- _DIRECTIONS_
From the records below, set down exactly the lines starting with the line that contains "minimal speed boat" and going on through the line that contains "MARTINE ROSE CLASSIC T-SHIRT". Nothing else is wanted.

- _Dataset items_
== Segment start ==

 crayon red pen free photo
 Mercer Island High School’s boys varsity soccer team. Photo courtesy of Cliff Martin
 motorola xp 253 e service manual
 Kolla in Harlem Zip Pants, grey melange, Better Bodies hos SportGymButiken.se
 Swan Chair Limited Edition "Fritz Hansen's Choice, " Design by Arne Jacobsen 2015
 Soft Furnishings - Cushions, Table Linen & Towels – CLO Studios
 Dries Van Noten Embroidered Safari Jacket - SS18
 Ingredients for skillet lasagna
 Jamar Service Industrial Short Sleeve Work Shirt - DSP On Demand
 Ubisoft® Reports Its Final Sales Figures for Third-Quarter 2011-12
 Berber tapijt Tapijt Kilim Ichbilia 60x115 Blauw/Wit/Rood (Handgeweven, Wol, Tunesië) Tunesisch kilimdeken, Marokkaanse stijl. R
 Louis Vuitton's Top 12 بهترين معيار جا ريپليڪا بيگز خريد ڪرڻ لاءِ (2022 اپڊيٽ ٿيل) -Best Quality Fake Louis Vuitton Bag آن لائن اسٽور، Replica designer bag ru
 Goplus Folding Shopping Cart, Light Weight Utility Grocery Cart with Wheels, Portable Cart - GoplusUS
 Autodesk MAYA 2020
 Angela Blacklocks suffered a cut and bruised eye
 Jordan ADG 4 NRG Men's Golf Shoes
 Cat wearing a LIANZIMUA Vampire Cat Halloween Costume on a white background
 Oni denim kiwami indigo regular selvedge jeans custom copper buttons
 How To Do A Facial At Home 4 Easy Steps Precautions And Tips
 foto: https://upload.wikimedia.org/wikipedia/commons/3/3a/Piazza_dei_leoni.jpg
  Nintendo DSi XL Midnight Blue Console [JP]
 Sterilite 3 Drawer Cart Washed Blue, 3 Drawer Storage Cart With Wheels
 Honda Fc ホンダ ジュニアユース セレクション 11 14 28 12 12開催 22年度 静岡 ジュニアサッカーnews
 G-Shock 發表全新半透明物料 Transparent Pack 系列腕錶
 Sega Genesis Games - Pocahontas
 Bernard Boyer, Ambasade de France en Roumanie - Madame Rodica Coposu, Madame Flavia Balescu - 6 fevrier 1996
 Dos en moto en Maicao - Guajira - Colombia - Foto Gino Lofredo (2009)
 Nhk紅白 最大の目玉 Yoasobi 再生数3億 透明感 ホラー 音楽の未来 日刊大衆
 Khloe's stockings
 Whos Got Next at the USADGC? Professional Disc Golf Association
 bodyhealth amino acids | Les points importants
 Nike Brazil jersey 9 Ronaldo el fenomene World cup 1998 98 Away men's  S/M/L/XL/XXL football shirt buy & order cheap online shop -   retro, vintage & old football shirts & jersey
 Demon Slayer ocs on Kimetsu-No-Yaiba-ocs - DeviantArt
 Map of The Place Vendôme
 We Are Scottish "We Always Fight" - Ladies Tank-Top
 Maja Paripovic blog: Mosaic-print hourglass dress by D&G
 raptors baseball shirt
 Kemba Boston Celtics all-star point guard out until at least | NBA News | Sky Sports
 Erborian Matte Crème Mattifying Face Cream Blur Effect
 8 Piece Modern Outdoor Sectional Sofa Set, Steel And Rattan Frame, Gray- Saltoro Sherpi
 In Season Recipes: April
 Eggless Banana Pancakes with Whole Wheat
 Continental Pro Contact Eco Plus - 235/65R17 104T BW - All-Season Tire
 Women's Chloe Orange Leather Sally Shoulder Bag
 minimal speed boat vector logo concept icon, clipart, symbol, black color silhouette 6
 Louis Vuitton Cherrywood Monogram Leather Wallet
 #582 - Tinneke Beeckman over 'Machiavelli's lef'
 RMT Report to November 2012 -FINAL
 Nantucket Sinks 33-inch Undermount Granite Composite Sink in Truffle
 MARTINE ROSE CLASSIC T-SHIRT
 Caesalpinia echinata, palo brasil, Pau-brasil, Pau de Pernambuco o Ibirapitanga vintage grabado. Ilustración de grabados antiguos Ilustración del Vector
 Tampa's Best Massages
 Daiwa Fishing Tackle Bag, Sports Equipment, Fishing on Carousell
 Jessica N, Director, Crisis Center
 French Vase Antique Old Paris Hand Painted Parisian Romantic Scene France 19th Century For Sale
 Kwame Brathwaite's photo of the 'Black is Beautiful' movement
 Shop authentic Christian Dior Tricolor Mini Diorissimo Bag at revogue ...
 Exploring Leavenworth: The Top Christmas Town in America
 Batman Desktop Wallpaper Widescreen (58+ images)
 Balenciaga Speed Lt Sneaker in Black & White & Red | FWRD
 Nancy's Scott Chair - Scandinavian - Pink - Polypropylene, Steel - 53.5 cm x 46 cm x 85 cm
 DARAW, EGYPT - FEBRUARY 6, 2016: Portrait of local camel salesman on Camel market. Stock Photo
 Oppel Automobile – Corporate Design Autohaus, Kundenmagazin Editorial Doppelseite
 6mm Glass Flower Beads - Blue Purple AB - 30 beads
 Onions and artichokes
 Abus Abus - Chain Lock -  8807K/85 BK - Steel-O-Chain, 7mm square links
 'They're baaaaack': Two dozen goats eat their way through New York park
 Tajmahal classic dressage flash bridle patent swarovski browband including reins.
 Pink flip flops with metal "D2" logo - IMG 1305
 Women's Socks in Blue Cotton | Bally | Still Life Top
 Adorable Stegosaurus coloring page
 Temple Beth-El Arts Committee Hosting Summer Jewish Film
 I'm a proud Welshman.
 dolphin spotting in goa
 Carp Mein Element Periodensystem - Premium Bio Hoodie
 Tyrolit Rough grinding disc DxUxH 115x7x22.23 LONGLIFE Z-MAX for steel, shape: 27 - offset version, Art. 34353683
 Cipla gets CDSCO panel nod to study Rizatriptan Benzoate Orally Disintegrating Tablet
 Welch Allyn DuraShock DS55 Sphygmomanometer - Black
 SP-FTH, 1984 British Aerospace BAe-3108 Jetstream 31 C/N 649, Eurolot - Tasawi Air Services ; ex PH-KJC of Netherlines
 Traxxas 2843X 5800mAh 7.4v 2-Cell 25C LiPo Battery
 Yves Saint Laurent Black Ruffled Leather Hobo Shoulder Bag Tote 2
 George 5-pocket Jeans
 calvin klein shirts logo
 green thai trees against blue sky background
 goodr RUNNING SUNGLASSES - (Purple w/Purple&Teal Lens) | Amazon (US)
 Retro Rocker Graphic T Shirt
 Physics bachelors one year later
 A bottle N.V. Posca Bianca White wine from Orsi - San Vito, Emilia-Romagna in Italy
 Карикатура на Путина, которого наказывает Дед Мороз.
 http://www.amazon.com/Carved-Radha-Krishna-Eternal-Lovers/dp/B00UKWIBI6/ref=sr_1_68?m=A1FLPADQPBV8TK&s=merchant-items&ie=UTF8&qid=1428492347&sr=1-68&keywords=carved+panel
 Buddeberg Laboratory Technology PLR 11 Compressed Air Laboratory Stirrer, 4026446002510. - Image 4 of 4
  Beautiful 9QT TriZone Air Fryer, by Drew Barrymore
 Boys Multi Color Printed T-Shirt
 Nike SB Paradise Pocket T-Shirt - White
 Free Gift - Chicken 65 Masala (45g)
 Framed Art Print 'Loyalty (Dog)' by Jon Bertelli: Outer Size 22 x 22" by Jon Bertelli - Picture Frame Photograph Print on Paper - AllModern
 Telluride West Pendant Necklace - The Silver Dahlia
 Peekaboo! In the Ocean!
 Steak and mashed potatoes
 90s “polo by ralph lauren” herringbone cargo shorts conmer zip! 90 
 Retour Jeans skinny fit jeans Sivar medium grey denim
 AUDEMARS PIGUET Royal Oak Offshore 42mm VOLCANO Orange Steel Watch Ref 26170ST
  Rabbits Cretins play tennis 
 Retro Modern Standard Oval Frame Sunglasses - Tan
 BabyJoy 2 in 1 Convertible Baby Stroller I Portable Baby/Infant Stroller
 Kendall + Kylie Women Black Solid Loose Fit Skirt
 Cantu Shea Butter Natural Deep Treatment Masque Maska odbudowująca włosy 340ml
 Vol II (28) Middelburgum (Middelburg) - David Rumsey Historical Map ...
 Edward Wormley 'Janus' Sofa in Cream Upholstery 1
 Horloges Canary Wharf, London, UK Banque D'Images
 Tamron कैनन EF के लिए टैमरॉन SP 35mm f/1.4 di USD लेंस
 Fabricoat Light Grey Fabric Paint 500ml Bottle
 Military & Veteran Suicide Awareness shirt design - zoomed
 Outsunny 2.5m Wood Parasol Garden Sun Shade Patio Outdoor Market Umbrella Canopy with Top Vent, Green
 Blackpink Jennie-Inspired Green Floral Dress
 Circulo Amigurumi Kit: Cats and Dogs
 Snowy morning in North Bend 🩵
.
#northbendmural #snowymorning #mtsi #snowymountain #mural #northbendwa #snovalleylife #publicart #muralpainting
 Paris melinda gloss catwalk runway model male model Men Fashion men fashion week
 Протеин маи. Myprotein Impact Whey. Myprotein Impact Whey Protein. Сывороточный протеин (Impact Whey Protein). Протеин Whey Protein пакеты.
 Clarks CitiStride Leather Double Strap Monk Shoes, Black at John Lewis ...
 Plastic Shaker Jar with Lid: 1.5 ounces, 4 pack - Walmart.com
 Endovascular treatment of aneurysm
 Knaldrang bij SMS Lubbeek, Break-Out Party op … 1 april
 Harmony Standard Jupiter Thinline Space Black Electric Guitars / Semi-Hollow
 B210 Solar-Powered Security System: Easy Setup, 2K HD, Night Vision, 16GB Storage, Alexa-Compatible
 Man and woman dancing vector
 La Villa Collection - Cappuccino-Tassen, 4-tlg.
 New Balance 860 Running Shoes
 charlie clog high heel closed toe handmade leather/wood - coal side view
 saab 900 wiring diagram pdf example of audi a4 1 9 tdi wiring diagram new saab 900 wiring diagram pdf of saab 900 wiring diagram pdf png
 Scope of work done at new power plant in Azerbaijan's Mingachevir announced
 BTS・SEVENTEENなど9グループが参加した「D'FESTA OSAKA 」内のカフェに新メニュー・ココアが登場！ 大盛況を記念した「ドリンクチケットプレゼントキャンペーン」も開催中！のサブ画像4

== Segment end ==

- _OUTPUT OF THE TASK_
 minimal speed boat vector logo concept icon, clipart, symbol, black color silhouette 6
 Louis Vuitton Cherrywood Monogram Leather Wallet
 #582 - Tinneke Beeckman over 'Machiavelli's lef'
 RMT Report to November 2012 -FINAL
 Nantucket Sinks 33-inch Undermount Granite Composite Sink in Truffle
 MARTINE ROSE CLASSIC T-SHIRT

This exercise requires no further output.